> _Your task_:
Leave out the pictures and output exactly the lines below from the one with "3M™ Hookit™ Purple" down to the one with "P2000, 50 discs", both of them included.

> _Information supplied_:
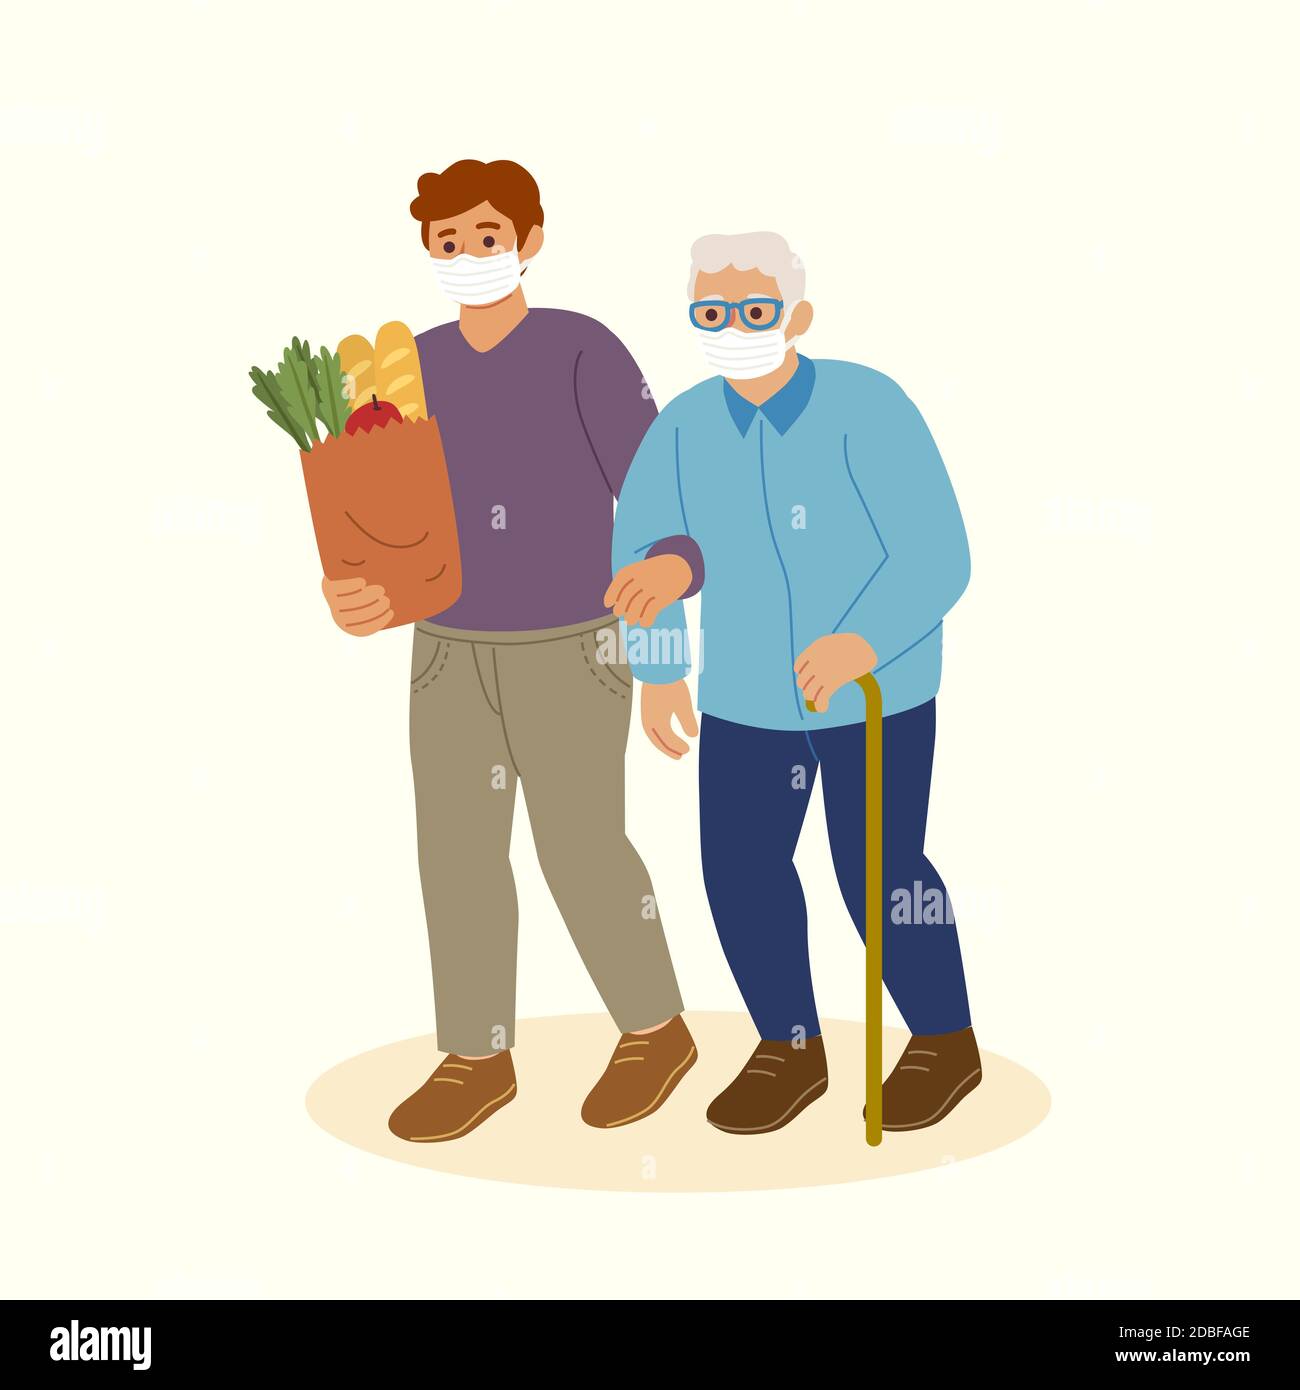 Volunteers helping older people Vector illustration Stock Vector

--

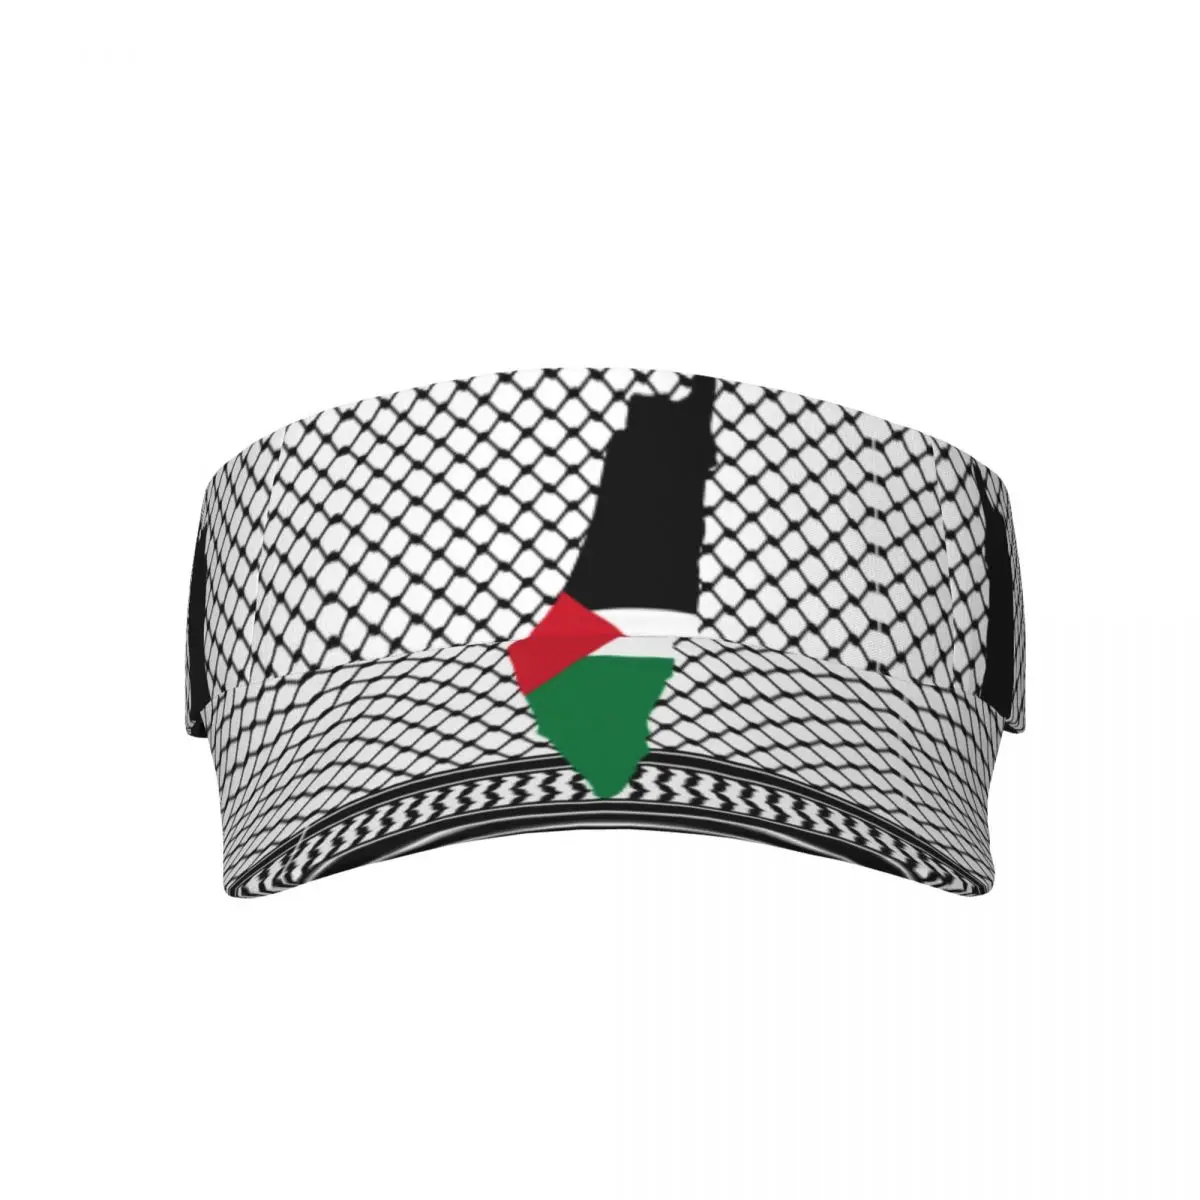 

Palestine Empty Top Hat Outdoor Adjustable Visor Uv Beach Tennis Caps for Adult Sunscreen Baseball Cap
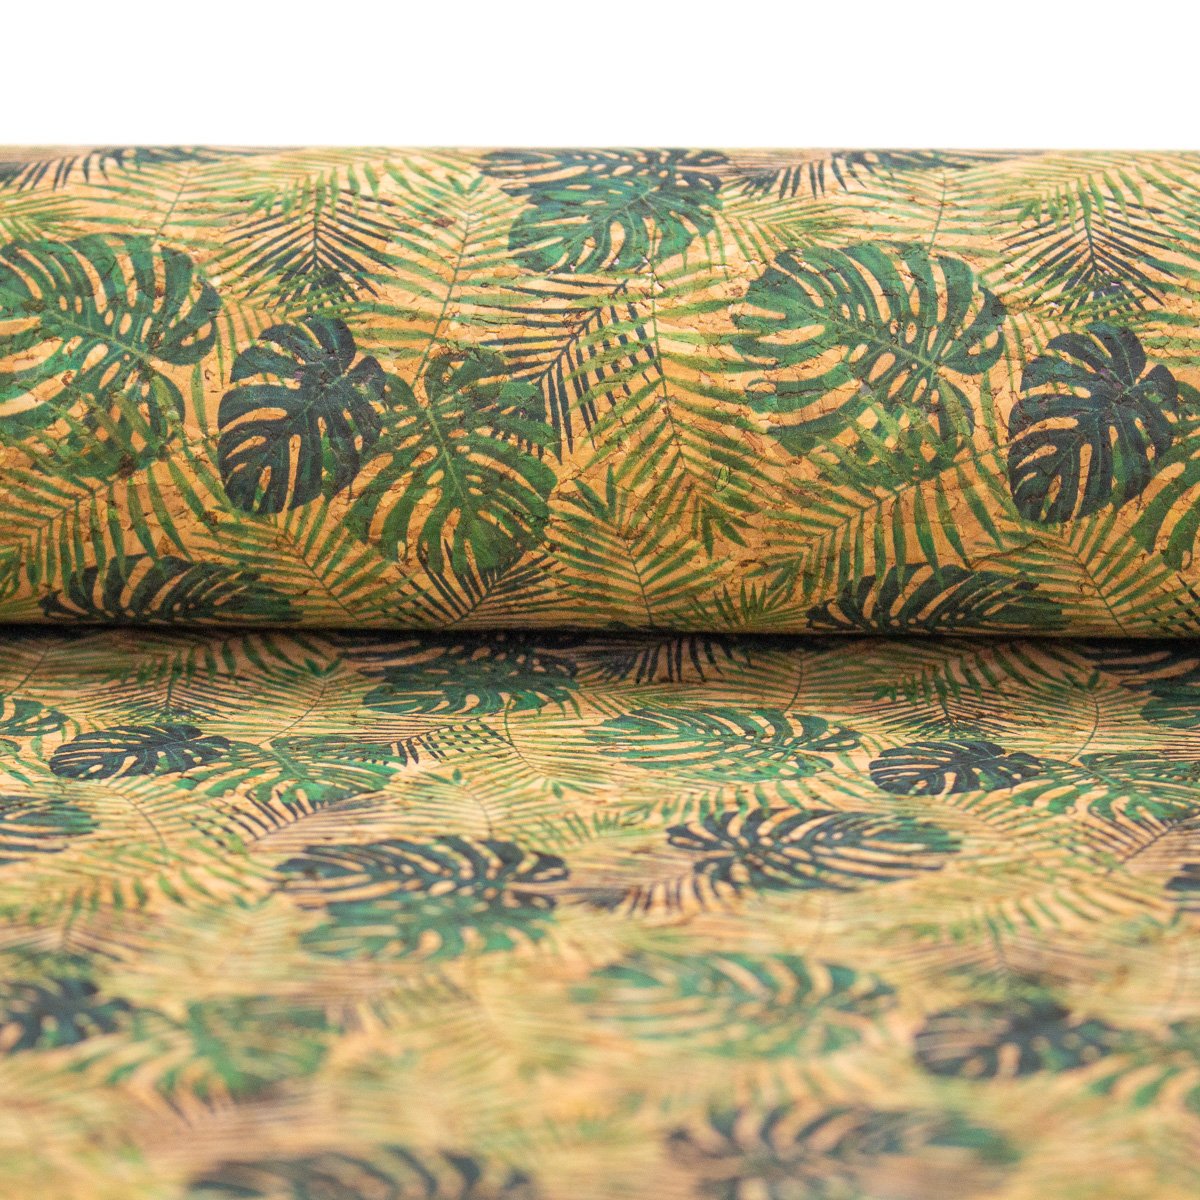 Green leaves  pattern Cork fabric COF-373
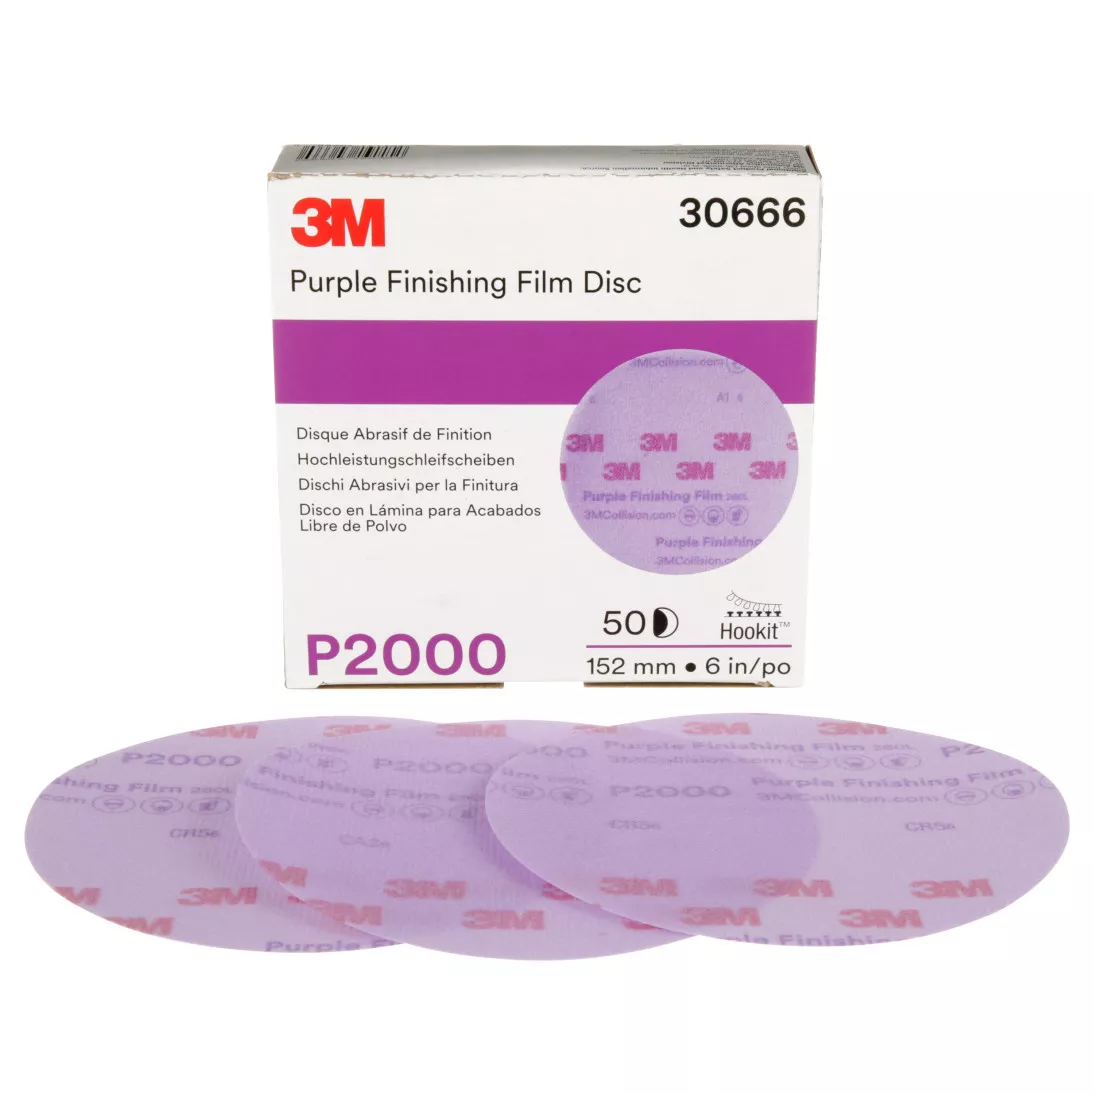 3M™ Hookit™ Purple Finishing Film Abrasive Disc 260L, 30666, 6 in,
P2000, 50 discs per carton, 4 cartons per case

> _Final answer_:
 3M™ Hookit™ Purple Finishing Film Abrasive Disc 260L, 30666, 6 in,
P2000, 50 discs per carton, 4 cartons per case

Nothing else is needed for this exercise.